Thank you for your reply.

Here is background.

1. The DV is binary. 2. About 120 IV, some continuous some categorical. 3. 31000 records in learning universe. About the same count in validation holdout. 4. Dv% is about 3.1=1.

5. All the 120 IV have at least 0.2 poly corr with DV, - or +. 6. While I am not saying our steps are perfect or best, all the 120 IV have been reasonably doubted not to have severe multi-corr problems or illness. 7. No survey data. 8. No treatment vs. control type of increment measure effects at how. Plain, classic binary logistic.

Now story about this variable question:

Some of my statisticians have stendency to derive using classifier to recode variables. Sometimes the tool is Baysian naive macros, sometimes trees. Sometimes Clementine, sometimes Kxen. This specific one was originally just the first 2 bytes of a 4 byte SIC codes (SIC=standard industry code). In some previous projects, the so-called SIC clustering worked out well, in terms of boosting top decile lifts. But I have been advocating reasonably high top lift.

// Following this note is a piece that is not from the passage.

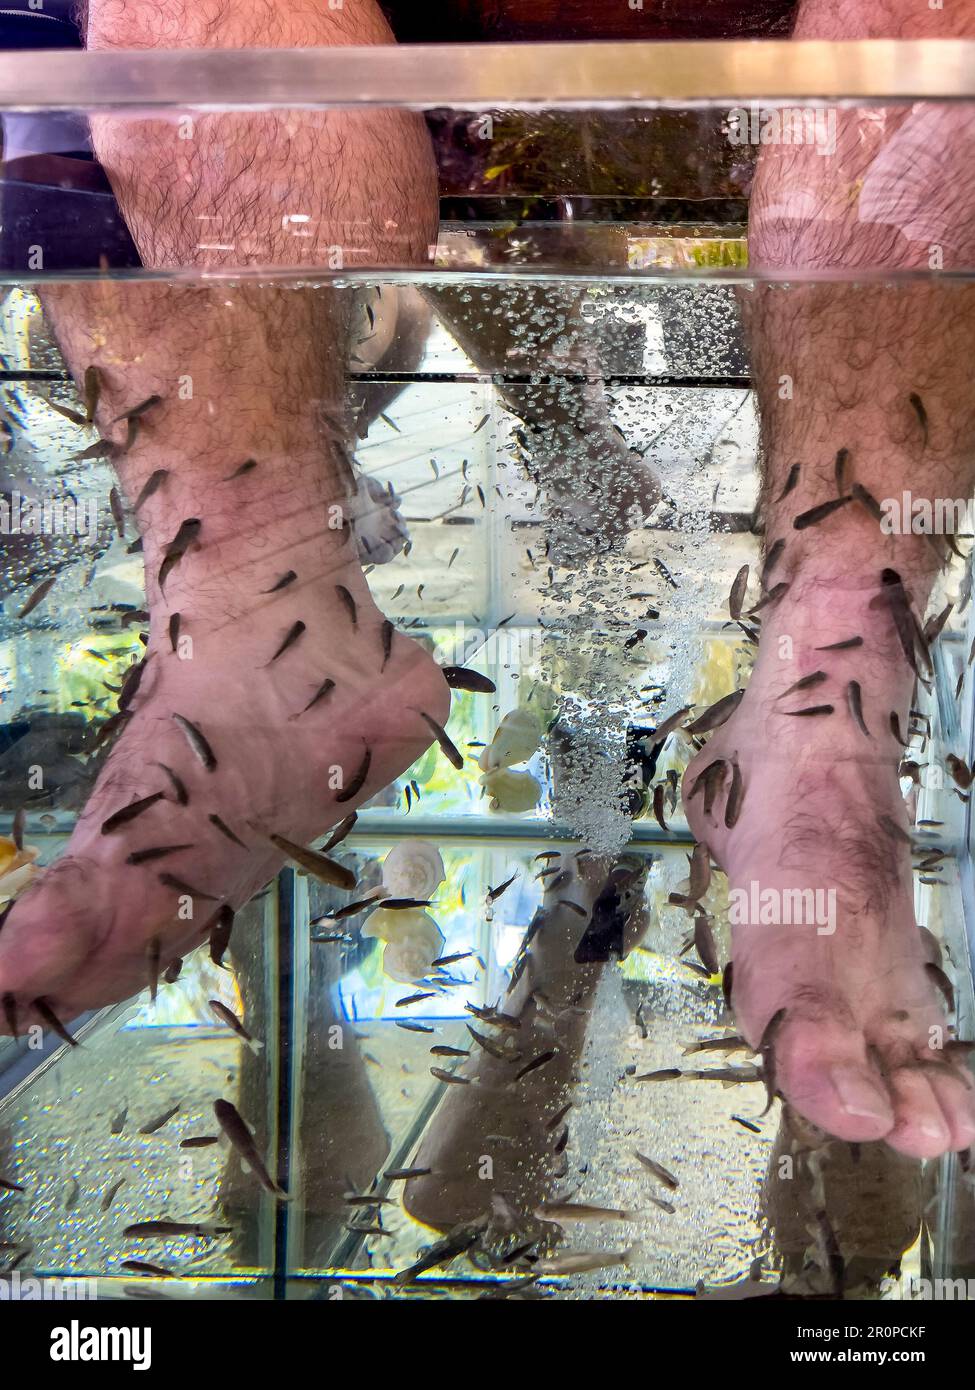 Young man's feet immersed in a water tank where fish called 'Garra Rufa' clean and exfoliate dead skin cells from the feet. Concept lifestyle and rela Stock Photo

This time one tested this recoding using CHAID in SPSS clementine and came up with 7 new values/cuts on the sic data. She plugged it in the logistic model, since somehow this new baby survived her usual mul-corr tests. This new sic variable squeezed out 3 other variables, smoothed out the lift (boosting it to actually 638, from 497) and the lift was more consistent on both L and V. The only problem was the '999' scar I mentioned in the ODDs ratio. I did not feel very well about it, but could not call up any reference right away.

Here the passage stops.